The Day of the Bomb by Karl Bruckner
Author:Karl Bruckner
Language: eng
Format: epub
Publisher: Pickle Partners Publishing
Published: 2016-08-07T16:00:00+00:00
CHAPTER NINE
THE High Command in the ancient Castle of Hiroshima was alerted in good time by the observation post on Shikoku of the approach of a four-engined enemy bomber. The authorities did not sound an air raid warning. Work in the armaments factories must not be interrupted because of a single plane.
* * * * *
Colonel Tibbets, captain of the B29, Enola Gay, was flying at 31,600 feet over the centre of the town of Hiroshima. In the hold, the bombardier, Major Ferebee, was busy with the mechanism that was to release the bomb.

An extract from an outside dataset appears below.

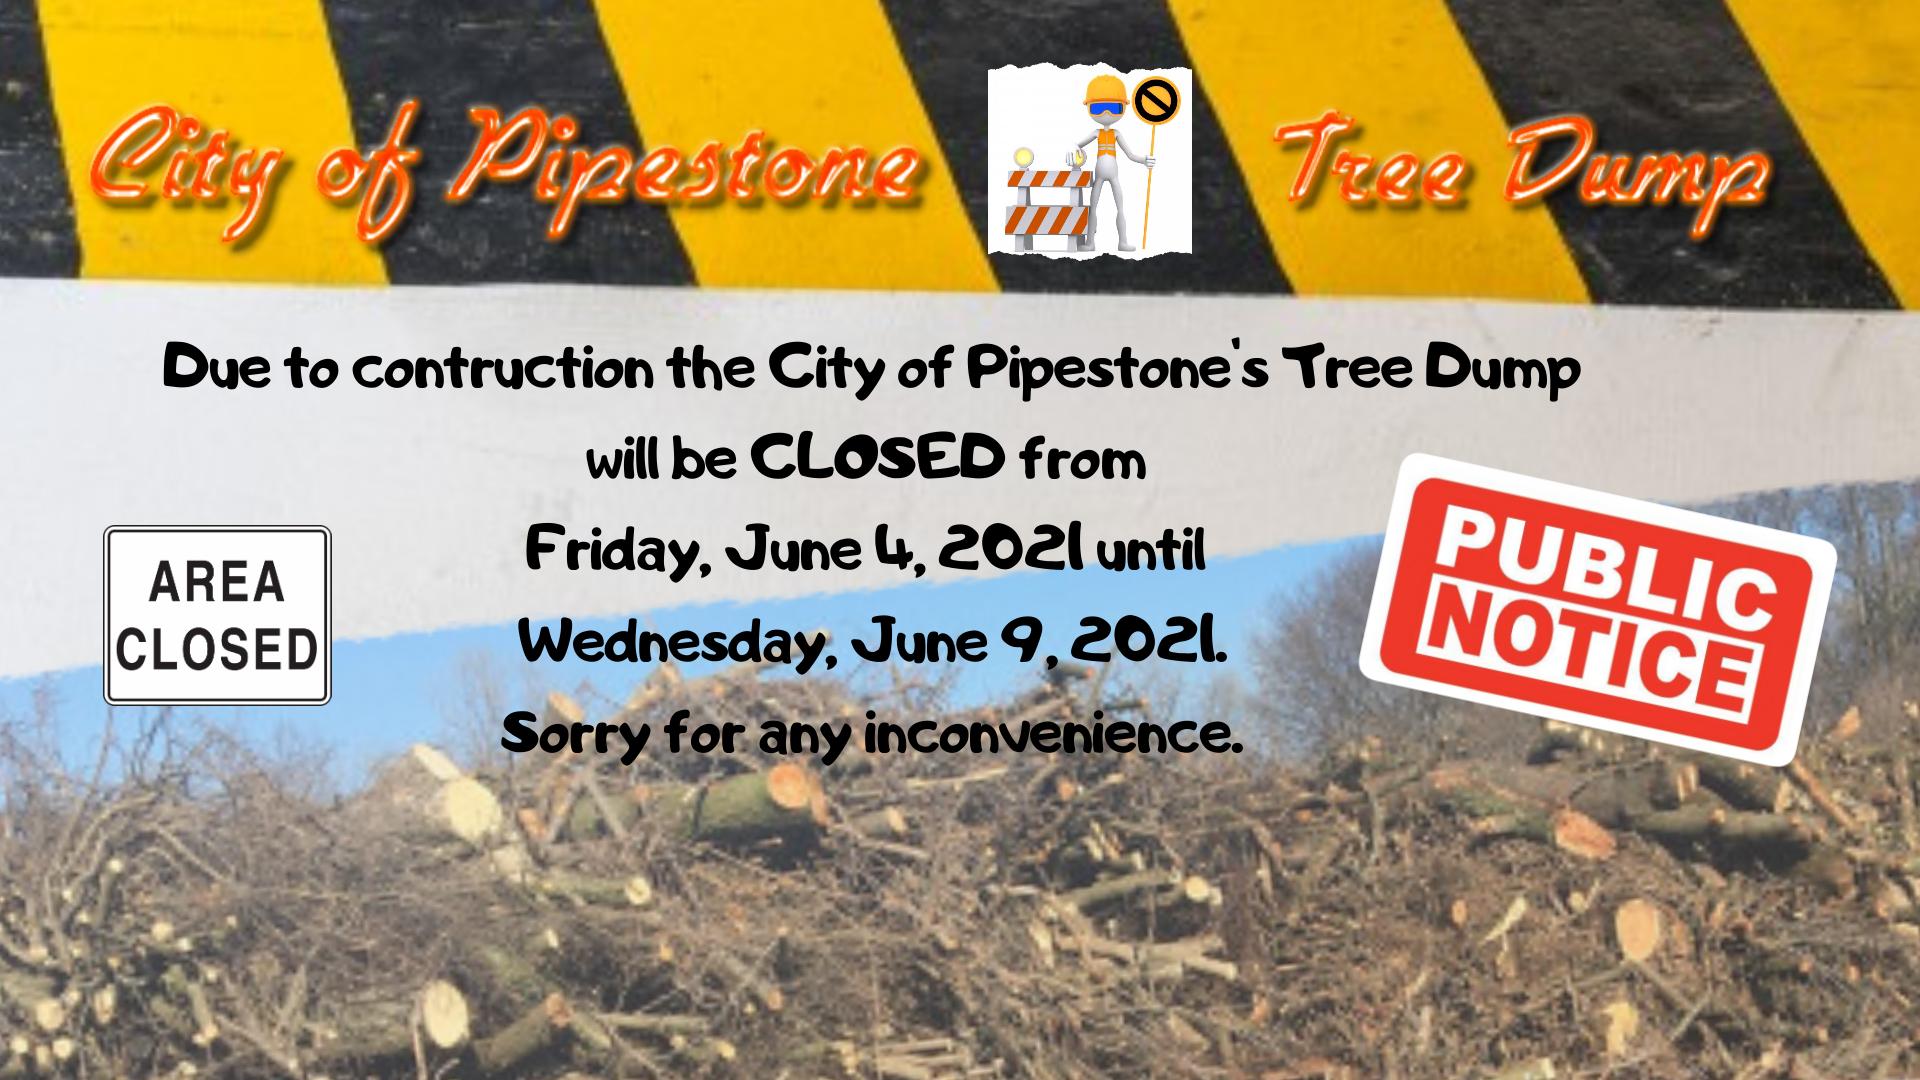 Tree Dump Closed June 4 thru approximately June 9

Now Ferebee took aim at his objective.
The bomb dropped.
With a diabolical whistling scream, the monster hurtled downwards.
The crew of the Enola Gay pulled dark glasses over the eyepieces in their oxygen masks, as they had been told to do. None of the flyers knew the point of wearing these dark glasses. None of them knew what would happen in the next few minutes. They were merely carrying out strict instructions.
And all of them waited, all of them numb. And they listened, and thought they could hear the whine of the falling bomb. But it was not the whining they could hear, it was the rush of blood which their wildly beating hearts sent pounding through their veins. And all of them, with stony faces, stared blankly into space, motionless, paralysed by the faint inkling of a disaster such as the world had never known.
The watch on Colonel Tibbet’s wrist was unaffected by the violent throbbing of his pulse. Inside it, tiny cogs were turning, each revolution sending one second after another into the past. The hands stood at fourteen minutes, thirty-five seconds past eight o’clock.
On the bomb, an ingenious device released a parachute.
The bomb drifted downwards on its parachute.
The hands on the watch pointed to fourteen minutes and fifty seconds past eight o’clock.
At that moment the bomb was 2,000 feet above the ground.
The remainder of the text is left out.